Lesson 1 is from DeFi. We could adjust Basel III to include inclusion as a measurable objective. This adopts the example of DeFi’s disintermediated markets, which are open to all participants, and which then balance pools using algorithms based on the number of participants in the pool. Basel’s capital and liquidity requirements increase the cost of banking the unbanked, making the exclusion problem worse. By adding minimum commitments to inclusion, every future banking regulation could be valued against the enhancement or loss of the edges of its client base. This would ensure that the costs of compliance do not overwhelm the objective of expanding the client base. This is similar to how central banks have both inflation and employment targets.
Lesson 2 is from in-game token economies. We might invite riskier clients, but increase their supervision beyond what is typical for bank clients today. Supervision is more inclusive than immediate disqualification. Adding in supervision comes from the example of video games that have large groups of younger players — anyone can sign up, but if they might be below the minimum allowable age, the platform undertakes additional supervisory actions or incentivizes them to make age-appropriate choices. Consumer credit already works in this way.

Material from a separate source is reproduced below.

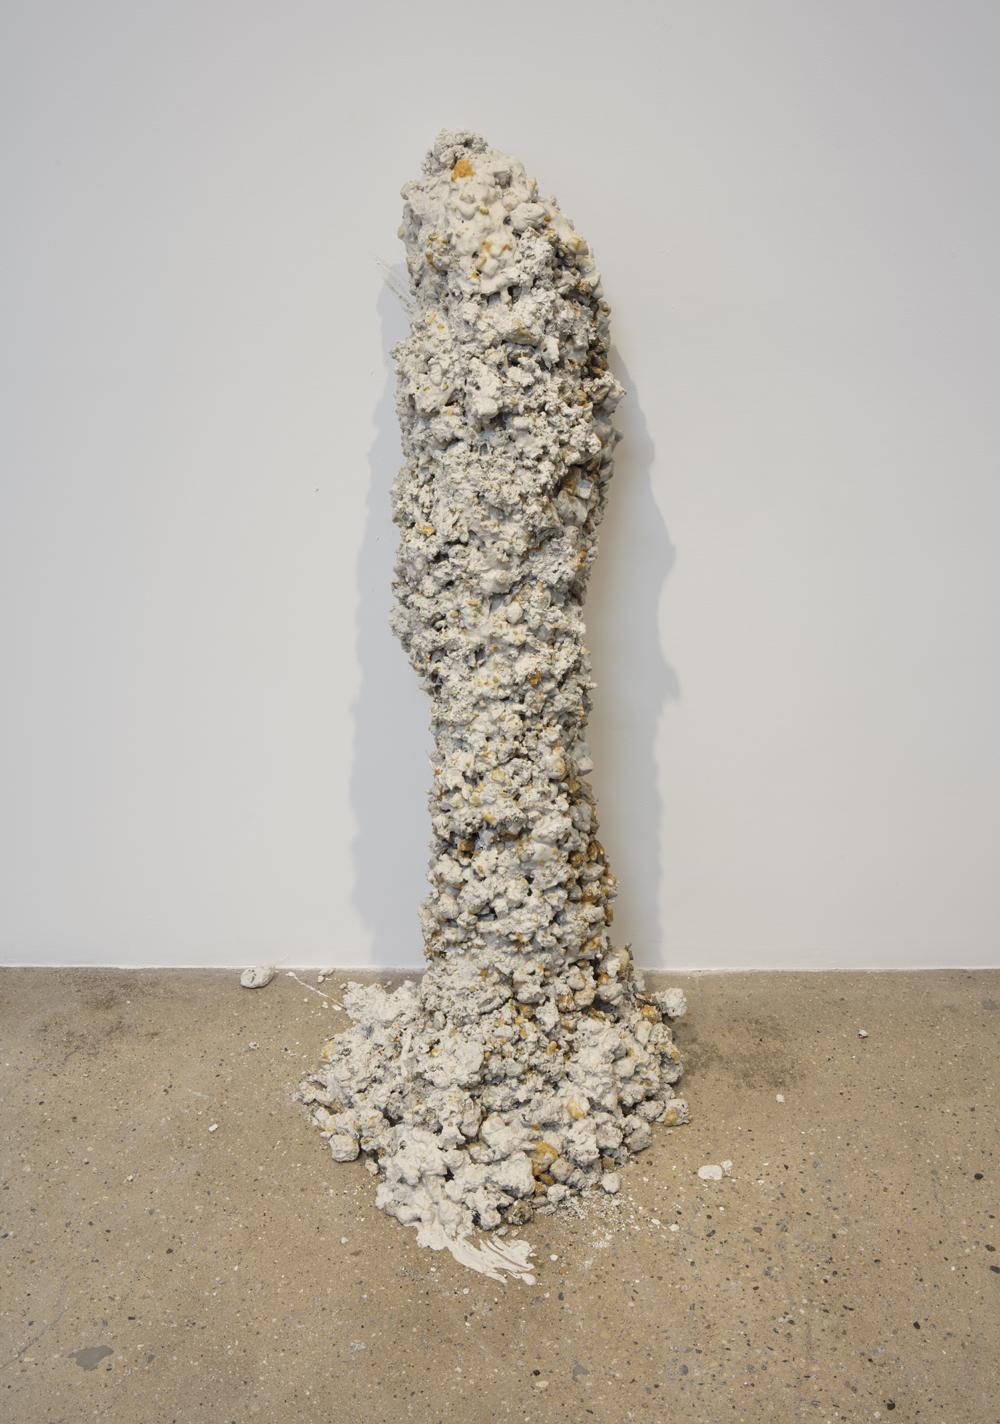 Pablo Rasgado, Horizon, Steve Turner, Steve Turner Los Angeles, Steve Turner Contemporary, Installation art, Mexico City

Technology shows us that it is not true that a rising tide lifts all boats when regulation is involved. But applying alternative examples, we can see that it is possible to introduce stability regulation that is not directly in opposition to financial inclusion.
The next step is to identify a set of steps for regulators to remove the artificial zero-sum game that has developed between financial stability legislation and second-layer financial inclusion.